After another week of roller coaster market action, investors may be looking at the balance in their 401(k) plan and wonder what they should do about their retirement savings.
The volatility in the U.S. and global equity markets has led some “buy-and-hold” investors to make major moves in their retirement plans.
Daily trading activity in 401(k) plans was more than double the normal level at the end of October, as the S&P 500 index tumbled and investors moved away from equities into fixed income, according to Alight Solutions.
Daily 401(k) trading jumped again recently as the markets rebounded and investors moved back into equities, and stabilized a bit this week.

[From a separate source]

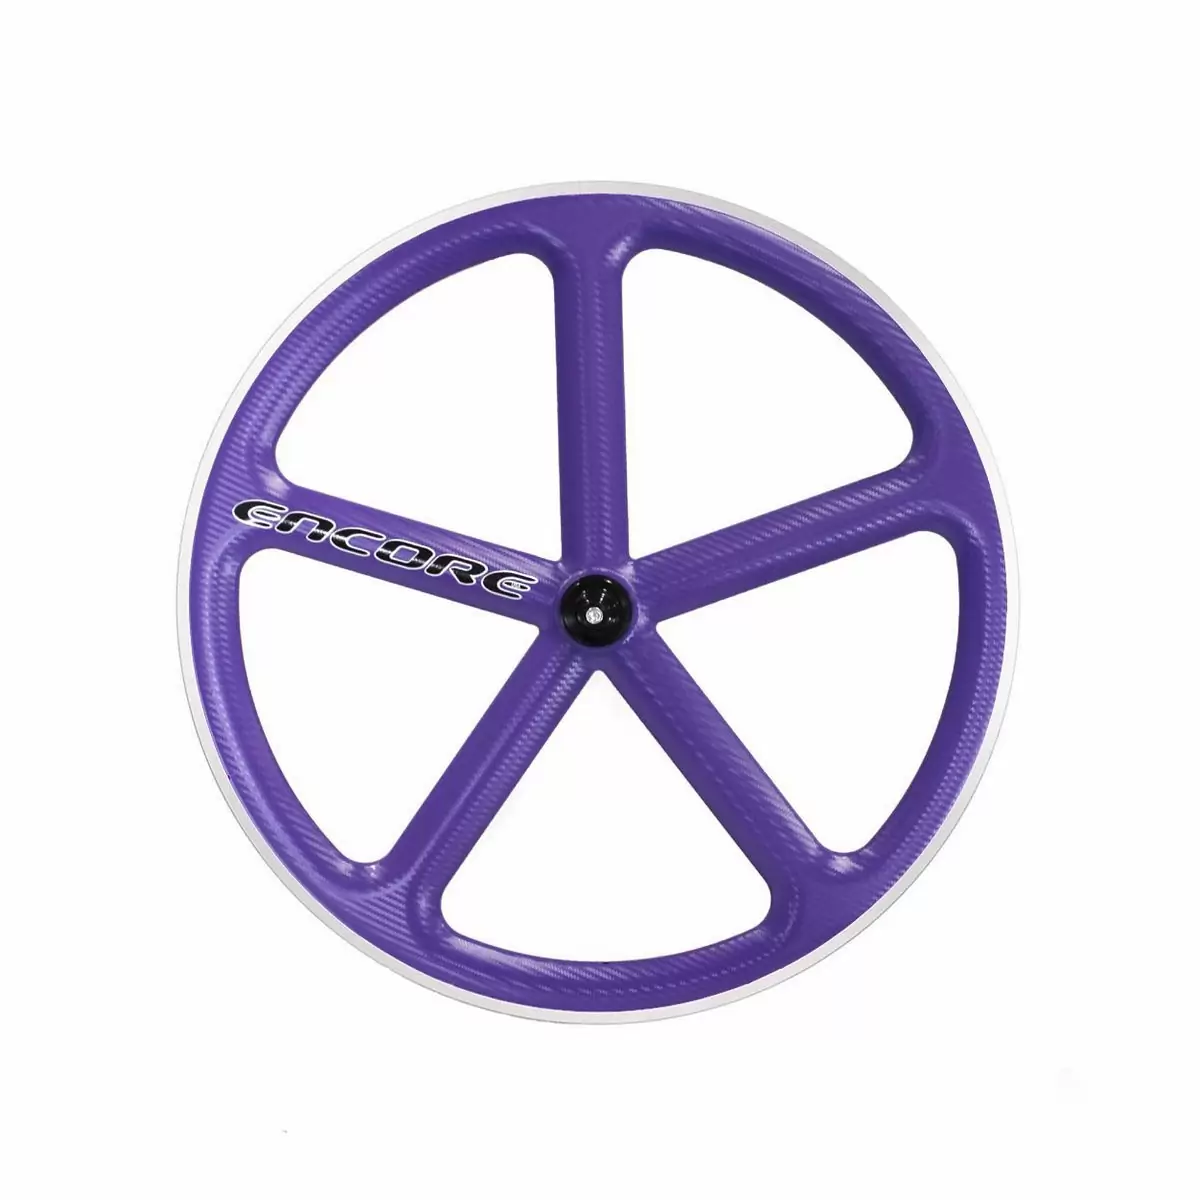 rueda delantera 700c track 5 radios carbon weave violeta msw - image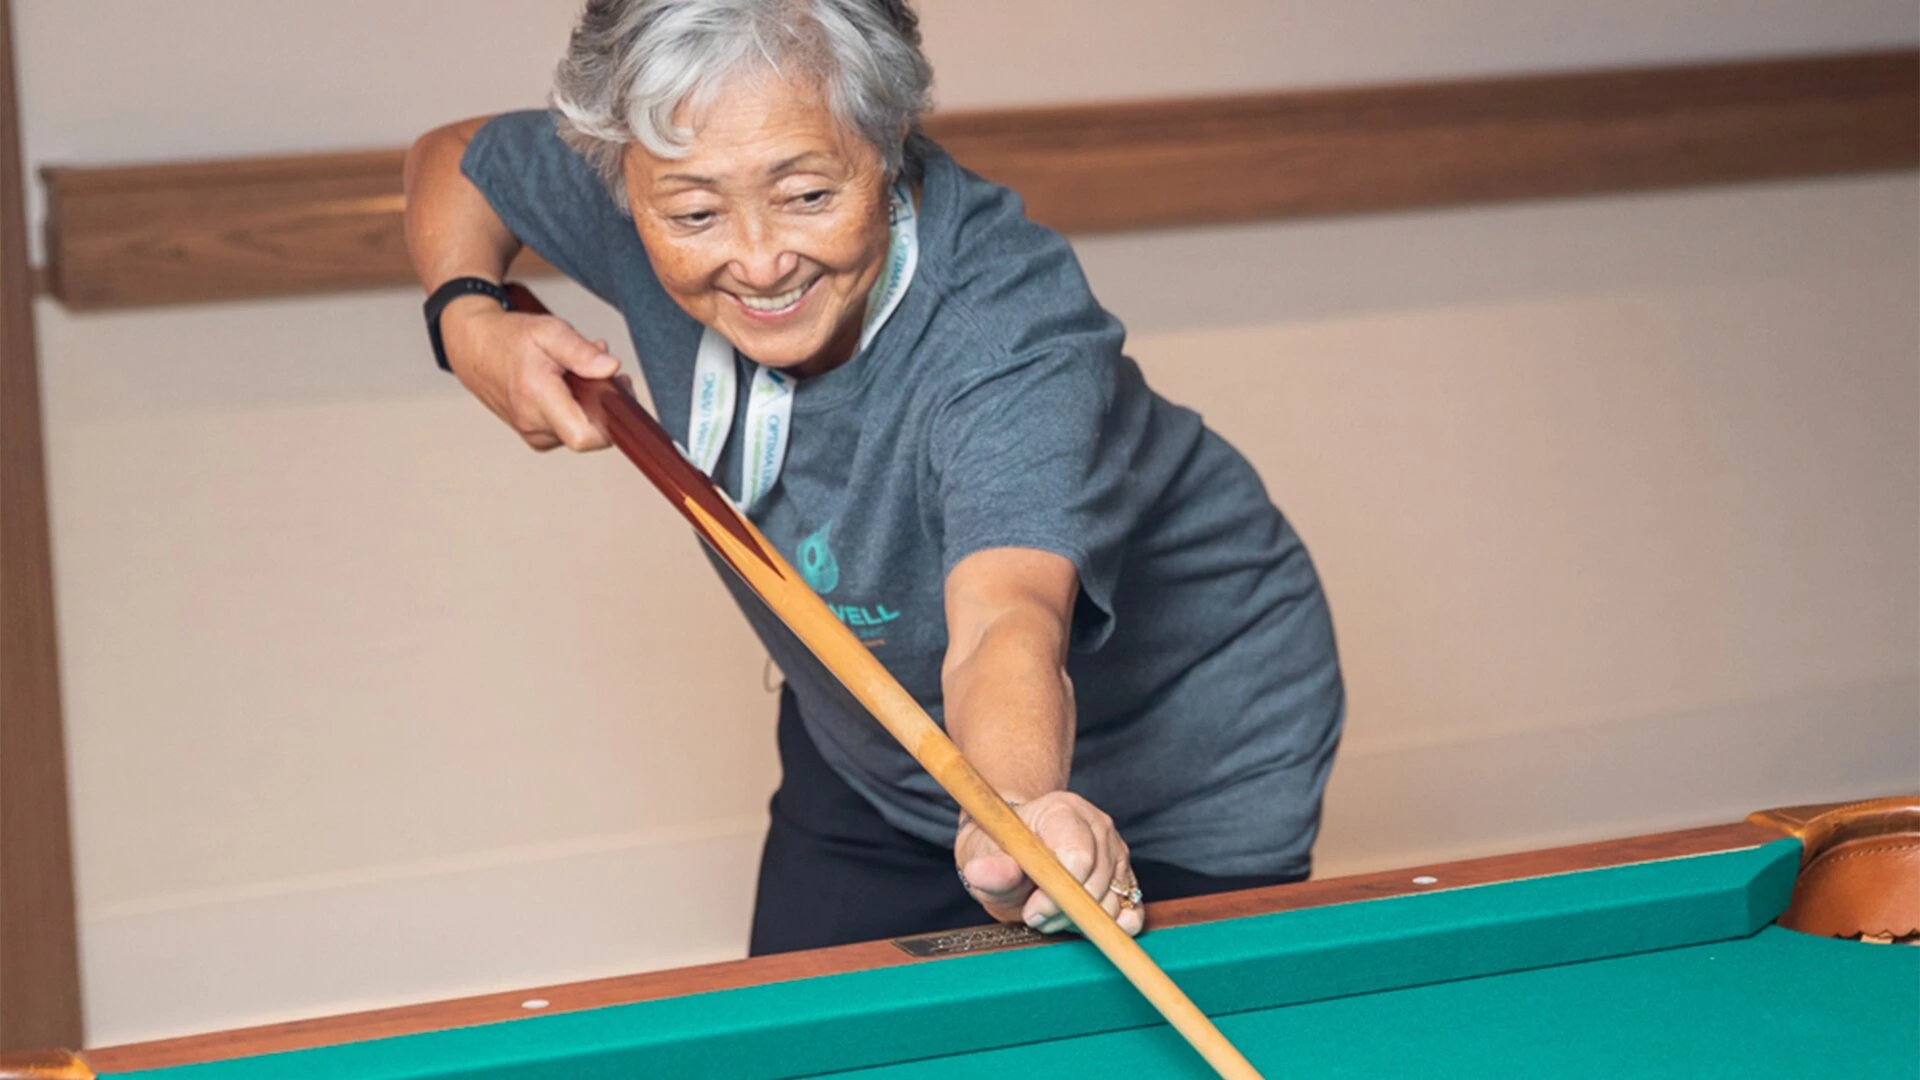 A senior woman playing pool in senior housing

While this daily trading activity represents a small fraction of total 401(k) balances in the U.S., data from Alight shows the past few weeks have seen some of the highest levels of trading since mid-April.
However, Investors may be buying and selling in their 401(k)s on emotion instead of based on their financial goals, says Rob Austin, vice president of research at Alight.
“Rather than making a knee-jerk reaction to market swings in either direction, investors need to have an investment strategy in place that helps meet their short-and-long-term goals,” Austin said. “They need to stick to that game plan, even when times are tough.” Often, that doesn’t happen.
Legg Mason surveyed 1,000 investors last summer who had at least $50,000 in investable assets. Nearly one in three investors admitted to making an emotional decision to sell in a 401(k) plan that they later regretted. And almost half of those who sold described their investment knowledge as “expert or advanced.”
No matter how much you know about investments, poor choices in other areas can do even more damage to your retirement. “More often than not a ‘retirement fail’ is caused by decisions that bring immediate gratification but long term don’t help you achieve what you most desire, mainly happiness and security,” said financial advisor and “Retirement Fail” author Greg Sullivan.